Gabriella Blum Named Rita E. Hauser Professor of Human Rights and Humanitarian Law at Harvard Law School

By — on / Negotiation Skills

Program on Negotiation faculty member and Harvard Law School faculty member Gabriella Blum was appointed Rita E. Hauser Professor of Human Rights and Humanitarian Law on April 10, 2012. To commemorate the occasion, Blum delivered a lecture entitled “The Fog of Victory” in which she discussed the meaning of victory in modern warfare.

In her opening remarks, Dean Minow stated that it was the highest honor Harvard Law School could bestow upon its faculty is to be named to hold a Chair and called Gabriella Blum “…a pathbreaking scholar.” The Rita E. Hauser Professor of Human Rights and Humanitarian Law chair is named for a visionary HLS alumna named Rita E. Hauser, who served as an adviser to presidents of the United States and Harvard University.

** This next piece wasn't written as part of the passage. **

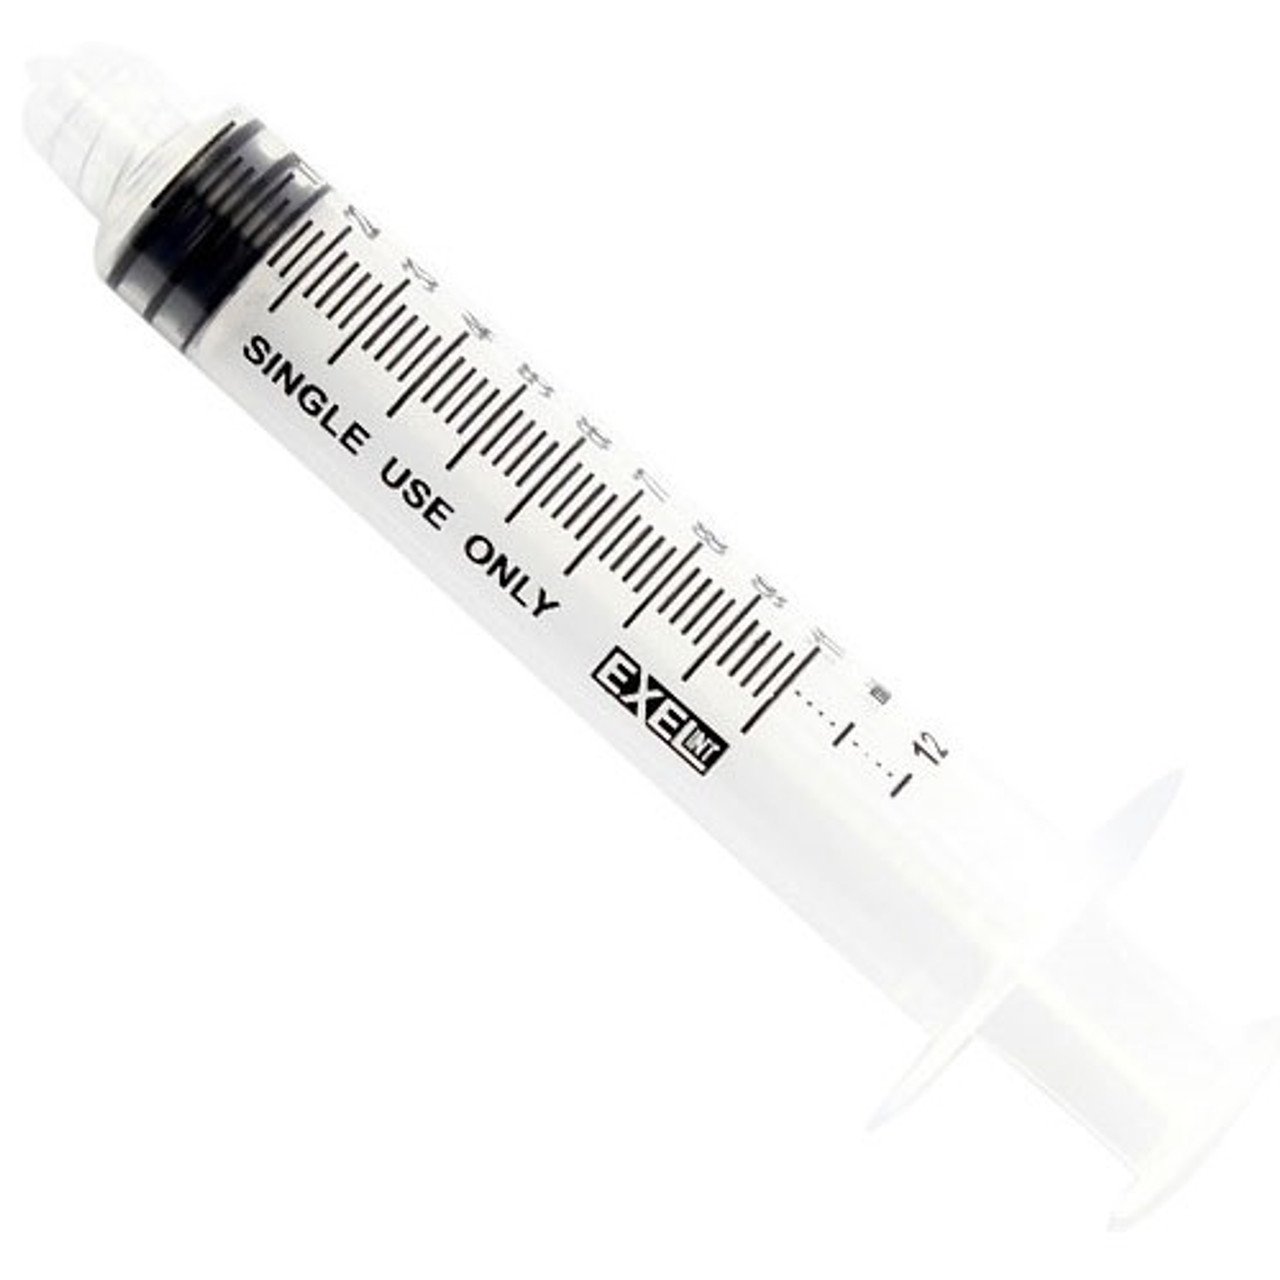 Syringes - Disposable Syringes - Syringes without Needle - Fu Kang

Rita E. Hauser, an international lawyer and former partner at the New York City law firm Stroock & Stroock & Lavan, and her husband, Gustave are both prominent philanthropists who have given generously to Harvard University, including funds to launch the Harvard Initiative for Learning and Teaching and build Hauser Hall on Harvard Law School’s campus.

In 2011, Blum, in conjunction with Benjamin Wittes at the Brookings Institution, launched the Harvard Laws School-Brookings Project on Law and Security, a partnership, “devoted to the creation of high-impact, independent, policy-relevant work related to the many areas in which law constrains security options.”

Blum is also the author of Islands of Agreement: Managing Enduring Armed Rivalries, which discusses the idea of victory in modern warfare. Regarding her most recent acclaimed work, Blum explains: “Without understanding what victory means today, we cannot even hope to approach a workable and meaningful doctrine for regulating war.”

Calling war “the ultimate human drama,” Blum discussed the impact of humanitarian law and human rights law on modern warfare, stressing that the traditional objectives of warfare, access to land, resources, trade routes and claiming territory, are made increasingly difficulty because of the, “increasing focus on the individual rather than the state as a major reformer of modern warfare.” Explaining her theory about the changed dynamics of modern war, Blum stated, “The most a state can win for itself is security, the elimination of a threat from others.”

By offering a systematic treatment of the concept of victory in modern warfare, Blum seeks to answer the questions of what does victory look like within this context, what is gained from it, and is there a moment or an ending that brings us back from war to peace.